Hierarchical Models

Hierarchical models (also called multilevel models or mixed-effects models) are statistical frameworks in which parameters are themselves treated as random variables drawn from a higher-level distribution, rather than as fixed unknown quantities to be estimated in isolation. The central insight is that observations within a group share information about the group-level distribution, and that this information can be pooled across groups to improve estimates — a process called partial pooling or shrinkage.

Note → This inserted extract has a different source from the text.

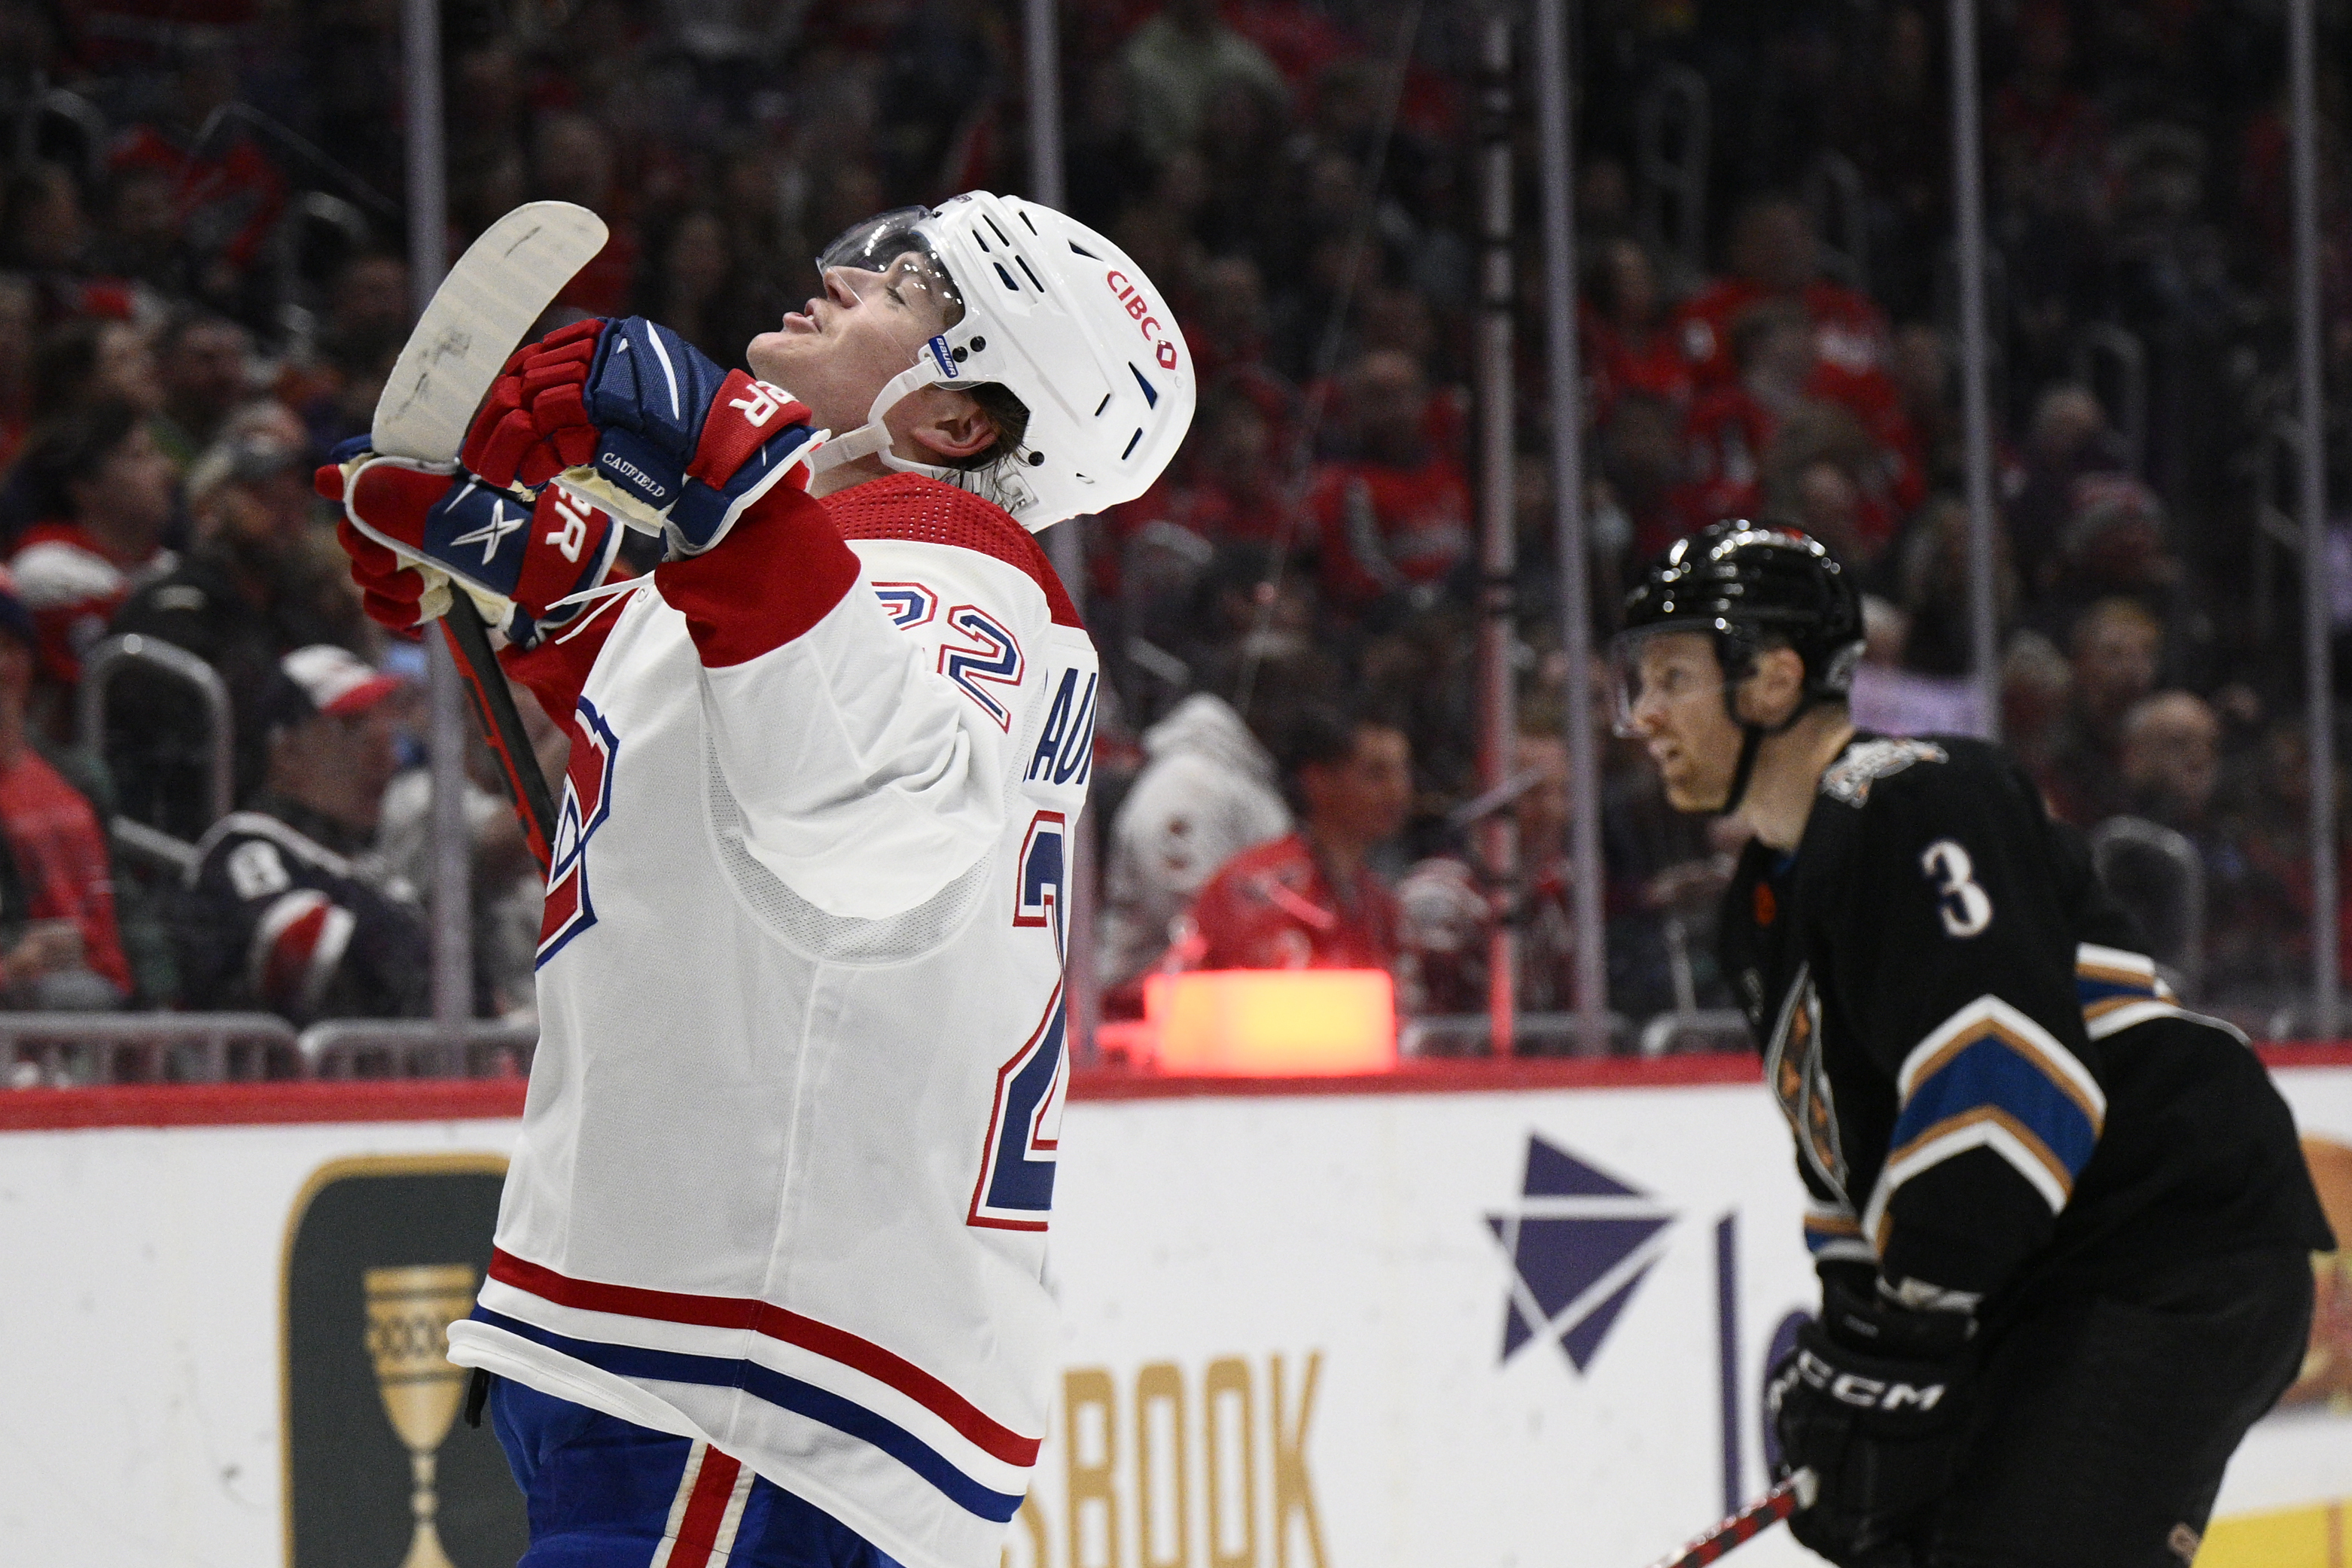 Canadiens' Kirby Dach displays offensive progress in win over Rangers

A classic example: estimating the effectiveness of a medical treatment across many hospitals. A non-hierarchical approach either treats each hospital separately (no pooling — ignores shared information) or combines all hospitals into one estimate (complete pooling — ignores hospital-level variation). Hierarchical models do neither: they let hospitals share information via a common prior on hospital-level parameters, estimated from the data itself.

This makes hierarchical models a natural implementation of empirical Bayesian inference: the higher-level distribution acts as a data-derived prior on lower-level parameters. The prior is not assumed from first principles but estimated from the observed variation across groups, then used to regularize individual estimates. Hospitals with limited data are pulled toward the grand mean; hospitals with extensive data are allowed to differ.

Hierarchical models are now standard in cognitive science, educational research, ecology, and clinical trial design. Their spread has been limited primarily by computational complexity and the misinterpretation of random effects as nuisance terms to be controlled for rather than as informative structure about variation in the population.